On Thu, Jun 5, 2025 at 7:39 PM Hae Kyung Im <ha...@uchicago.edu> wrote:
Hi Faisal,
those problems have to do with mismatch between SNP names in the model vs the genotype files. PrediXcan and TWAS in general are used with common variants, so there is no benefit in using WGS vs the imputed genotype data in the UK Biobank. Please send the head of your genotype files and the exact command you are using to PrediXcan/MetaXcan <predixca...@googlegroups.com>.
Haky

On Thu, Jun 5, 2025 at 2:31 AM Faisal Imran <fimran.ms...@seecs.edu.pk> wrote:
Dear Haky,

I hope you are doing well. We are collaborating with Theranostics Laboratory on generating liver transcriptomes using UK Biobank data and have been attempting to run S-PrediXcan for this project. Although the example scripts in the repository execute successfully, we encounter errors when applying the provided model to the UKBB whole-genome sequencing (WGS) data. Additionally, when we use the GTEx V8 models from PredictDB, we observe 0 % SNP coverage.
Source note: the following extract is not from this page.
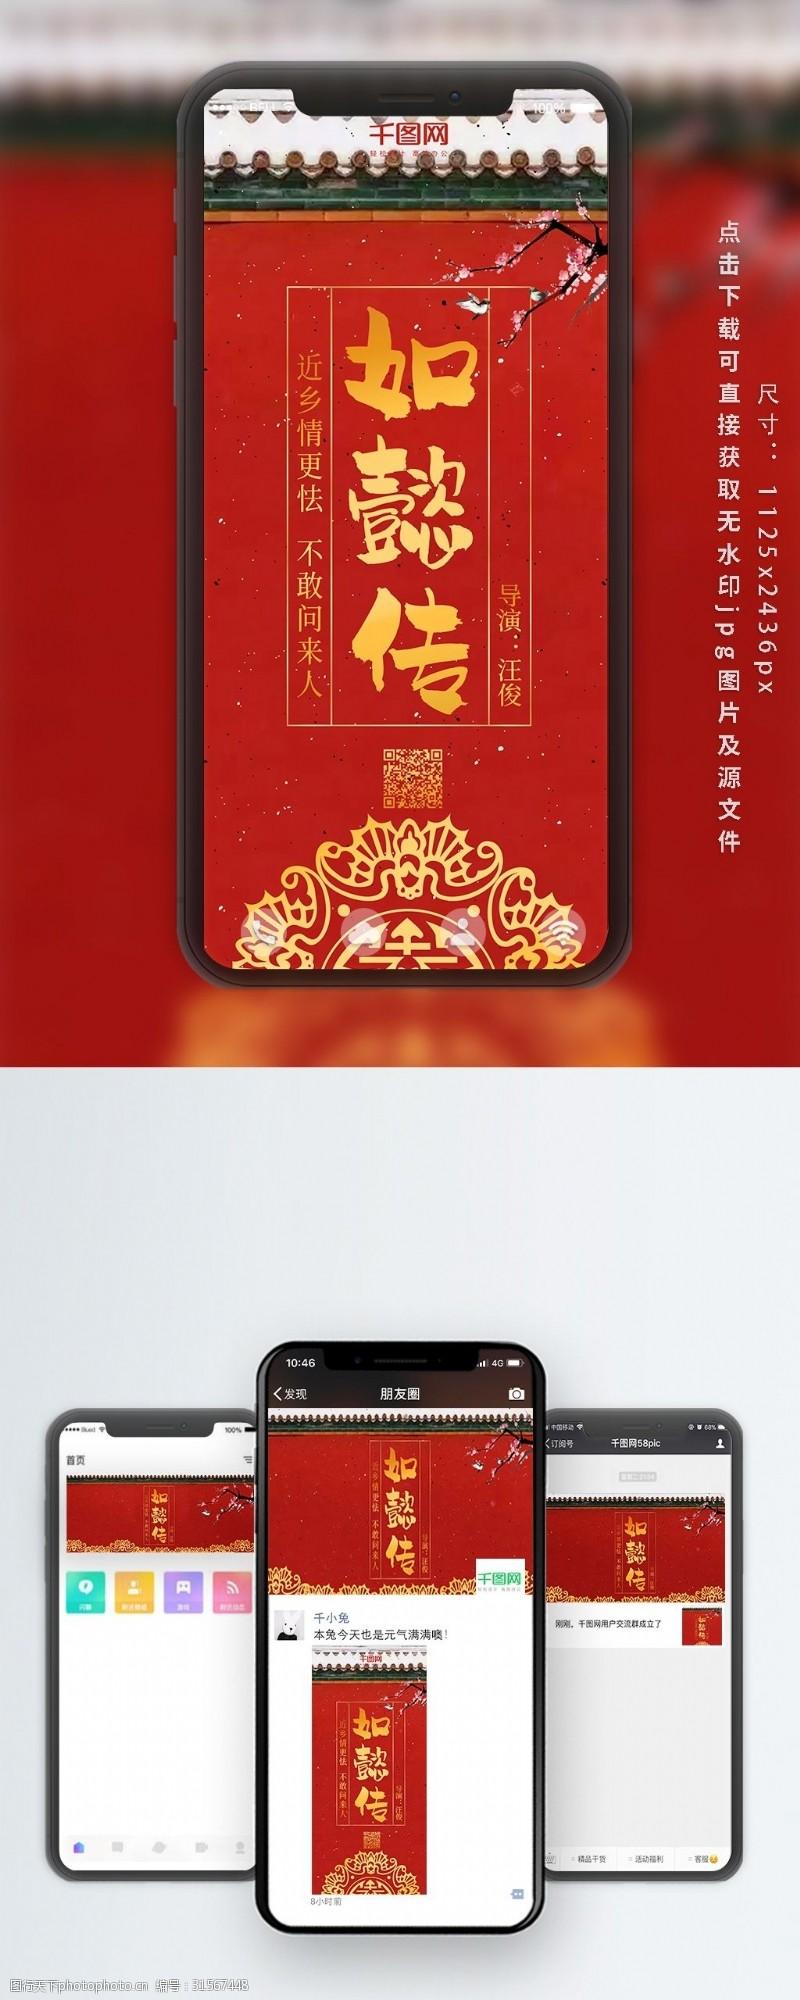 古典图如懿传清新唯美微博微信公众号app海报

We would greatly appreciate any guidance you can offer to help us integrate S-PrediXcan with UK Biobank WGS. We have also explored WGS data from sources such as EBI but have not been successful.

Thank you for your time and assistance.

Best,
Faisal

Festus

unread,

Jun 20, 2025, 10:11:29 AM6/20/25

to PrediXcan/MetaXcan

Hi Faisal,

I have seen a few issues with your code;

In the command line argument –snp_column you are using SNP but in your summary statistics you have variant_id. It should be the column name of the identifier you want to match with the id id used in the database. So if you meant to use column with rsid then it should be –snp_column variant_id
The mashr models don’t have rsid so you can’t directly use the rsid in your sum stats to map to the model weights. You will need to generate another column with variant_id in the sumstats with the following format chr_pos_ref_alt_b38 (b_38 is the genome build for SNPs in mashr models). The –snp_column should reference this column.
You will need to use –keep_non_rsid flag in your cmd because again these models don't have rsids.